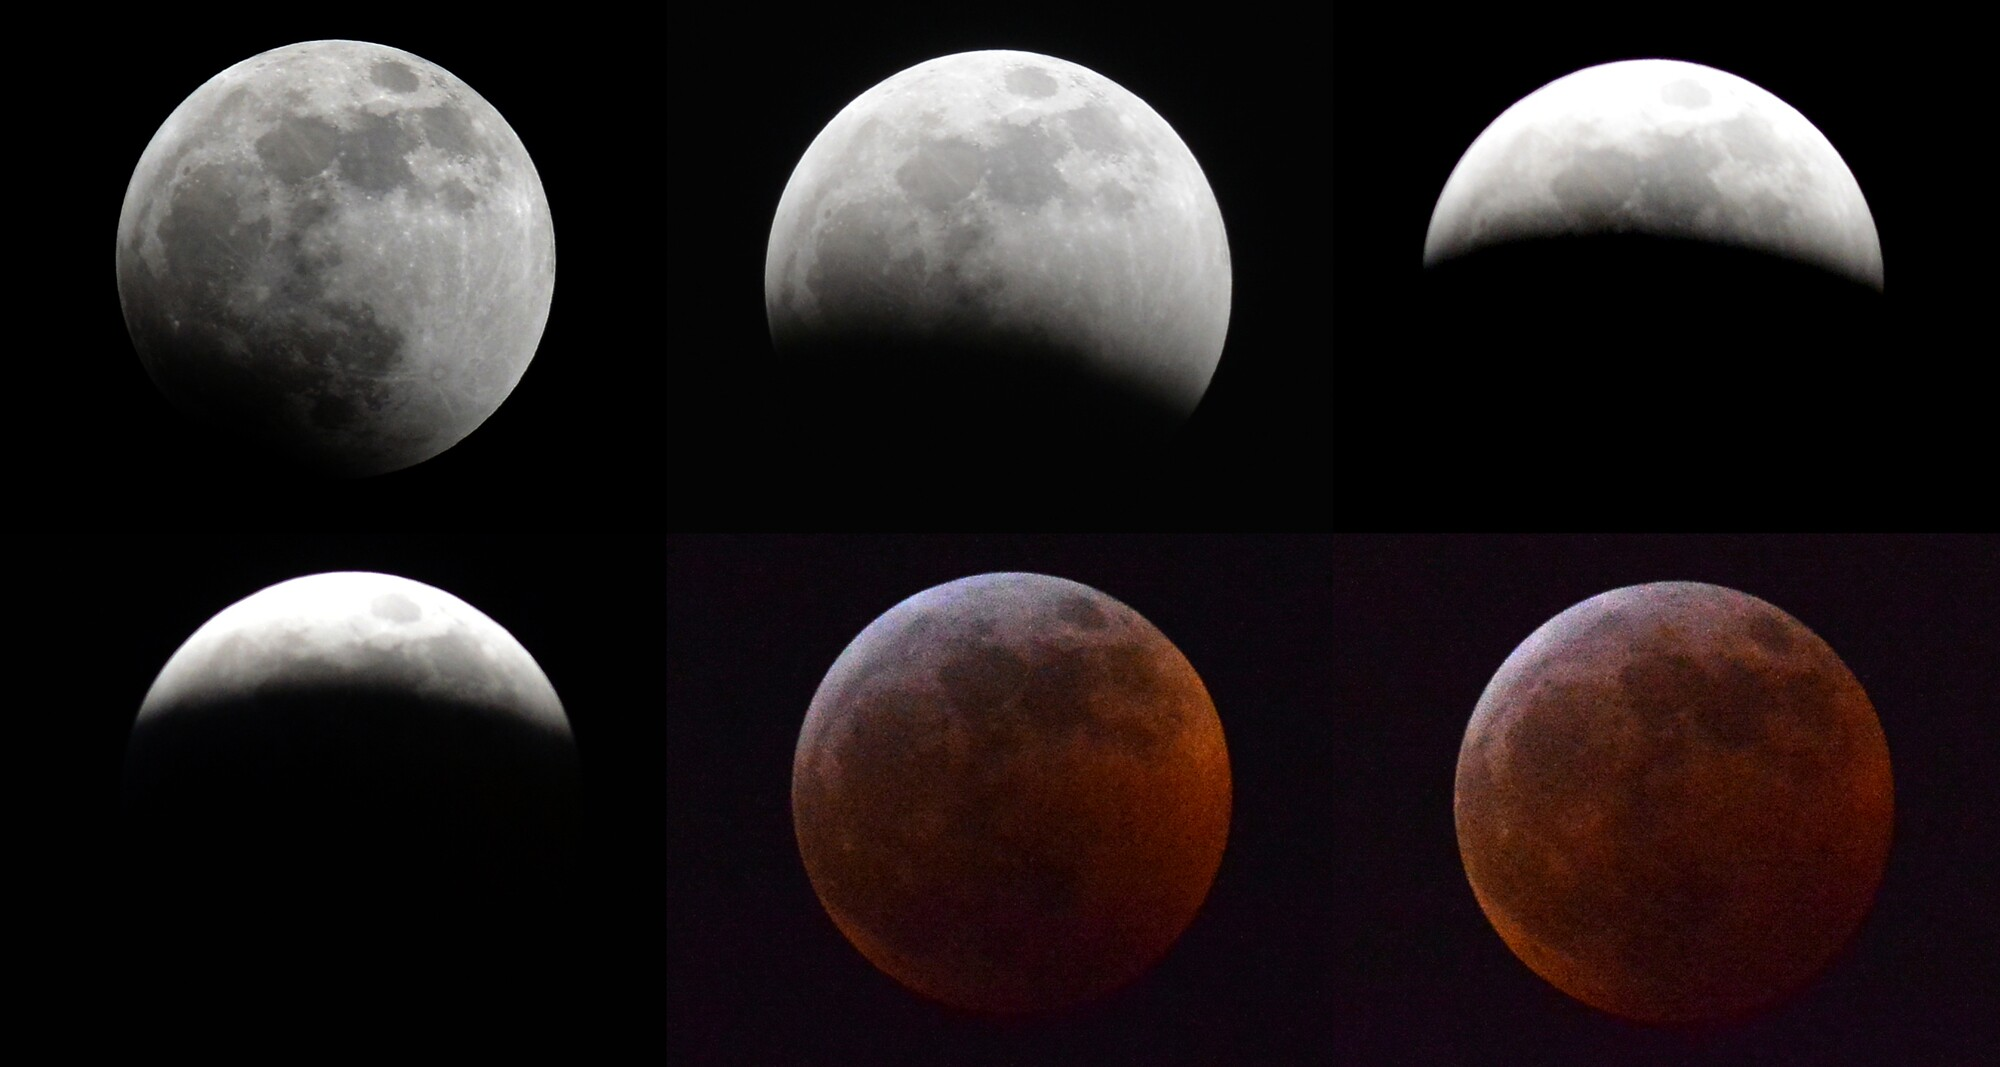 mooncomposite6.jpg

------------------------------------------------

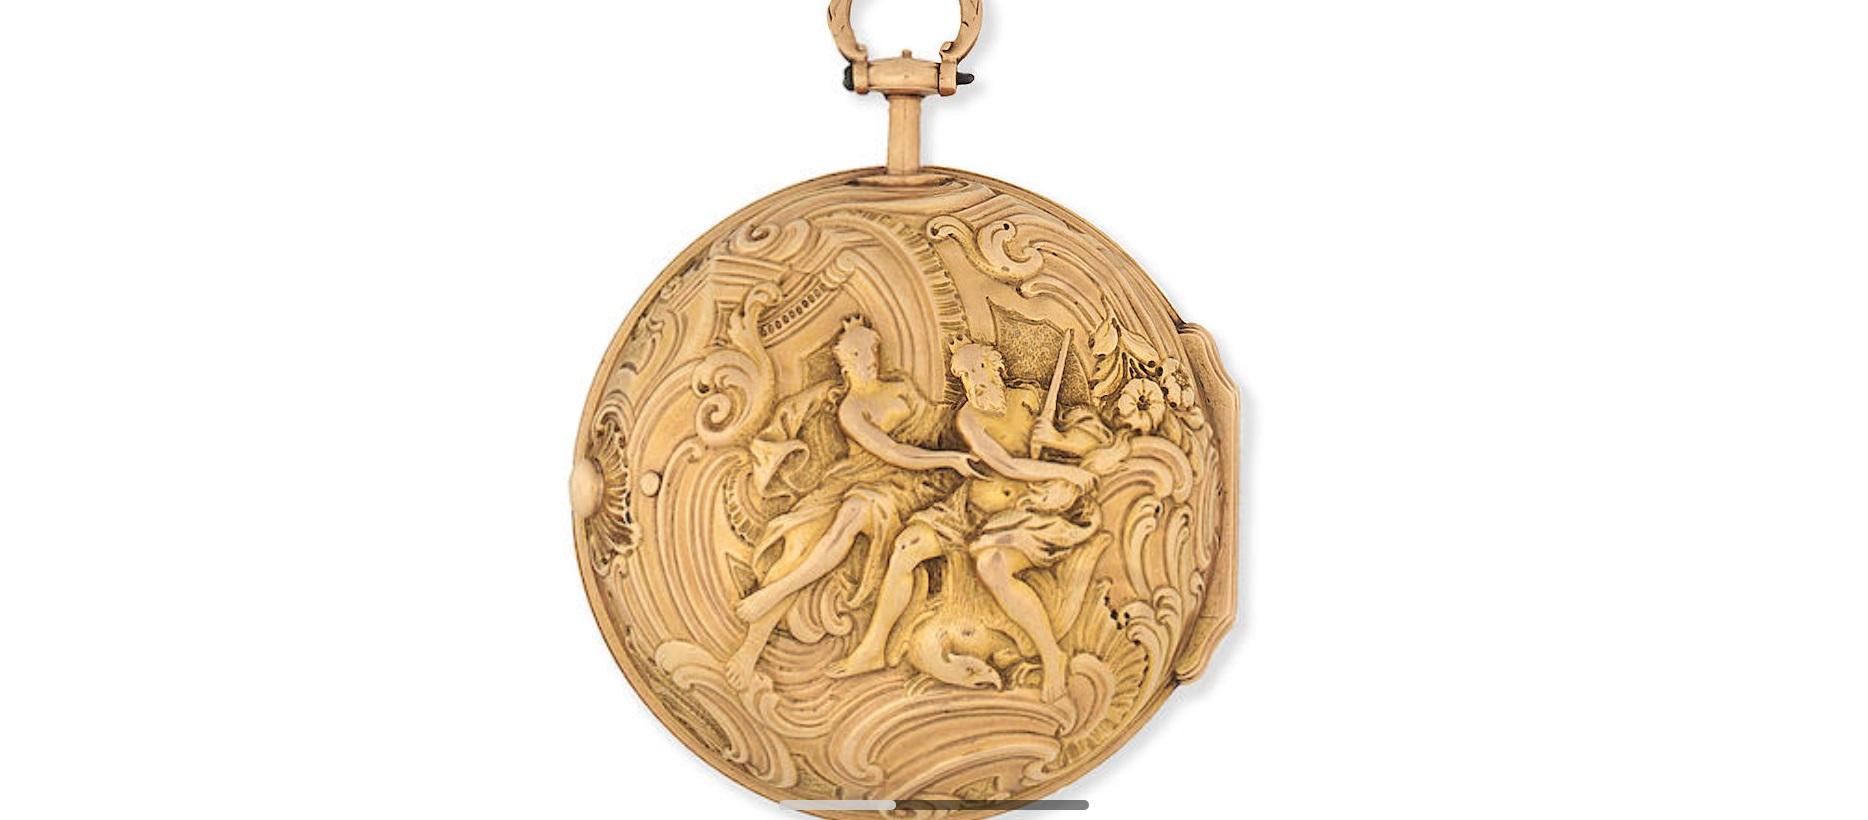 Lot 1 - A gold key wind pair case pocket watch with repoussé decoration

------------------------------------------------

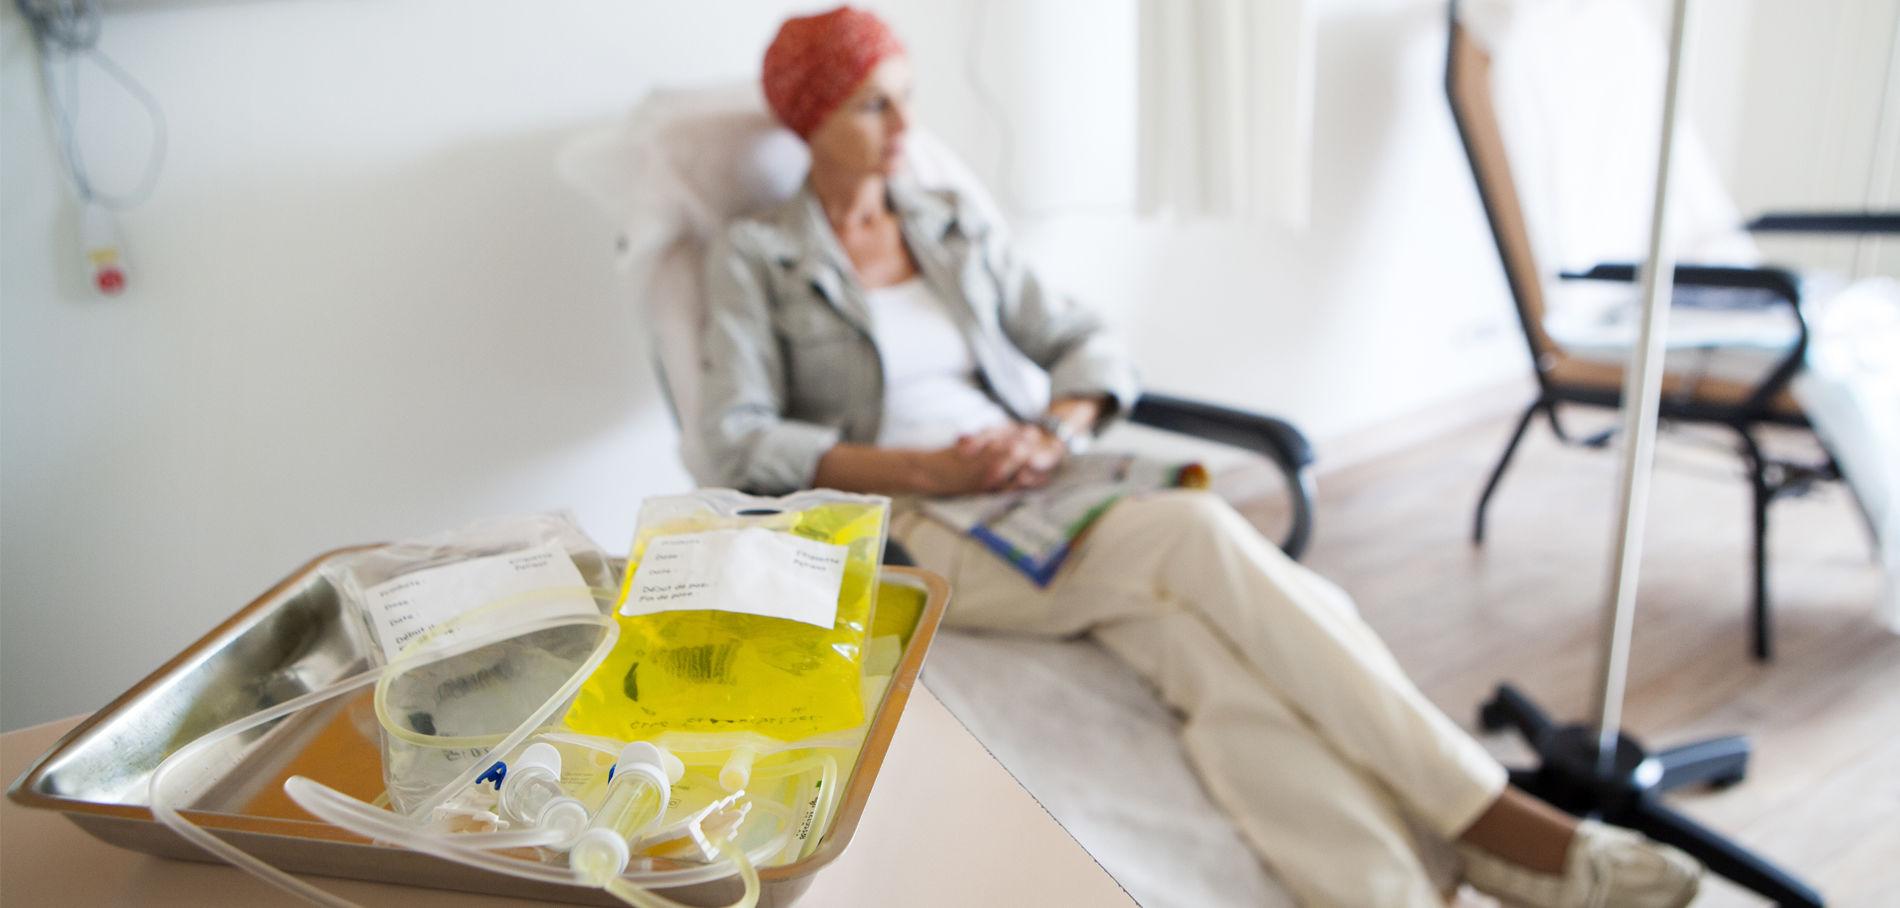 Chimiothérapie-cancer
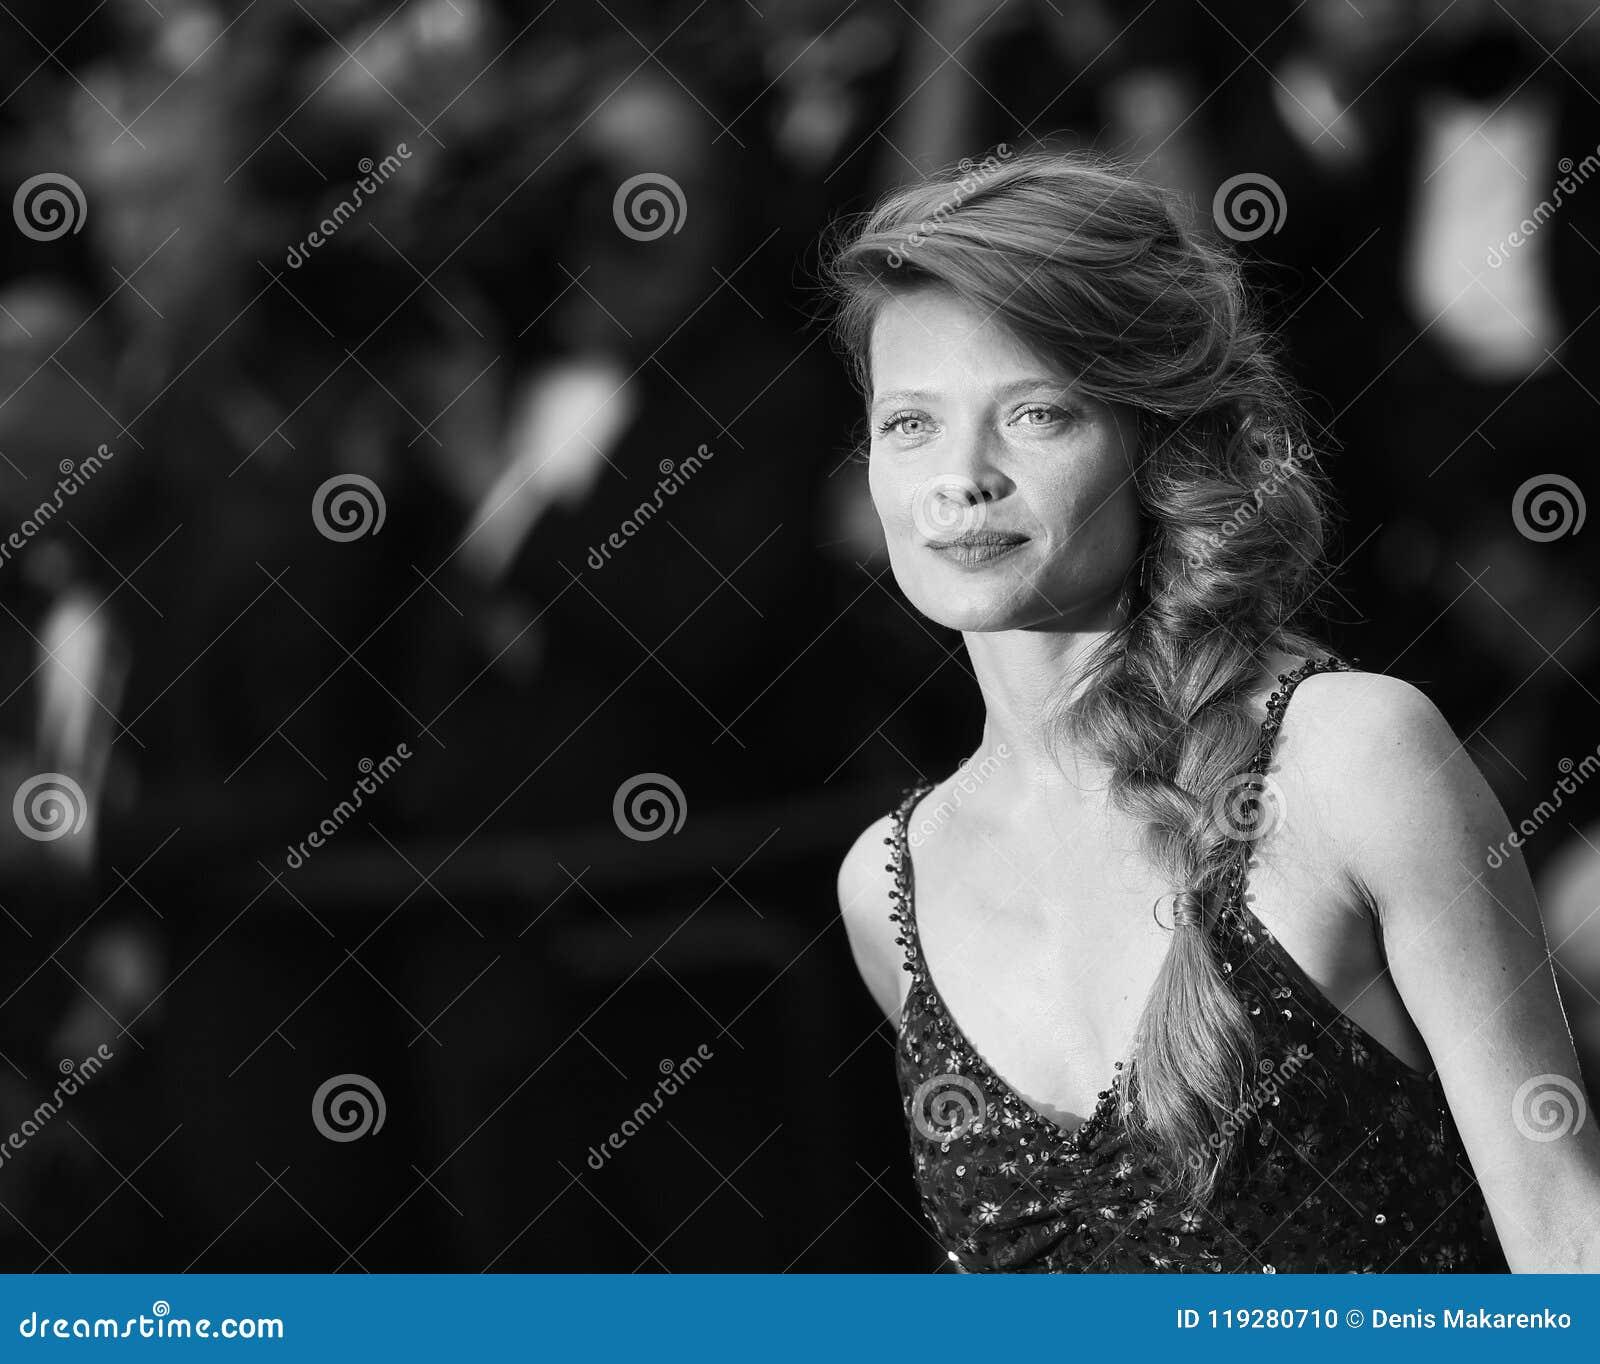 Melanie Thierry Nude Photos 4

------------------------------------------------

• Your goal
Print exactly the lines above that run from the one with "Chimiothérapie-cancer" down to the one with "Melanie Thierry Nude Photos 4", and omit the pictures.

• The completed task
 Chimiothérapie-cancer
 Melanie Thierry Nude Photos 4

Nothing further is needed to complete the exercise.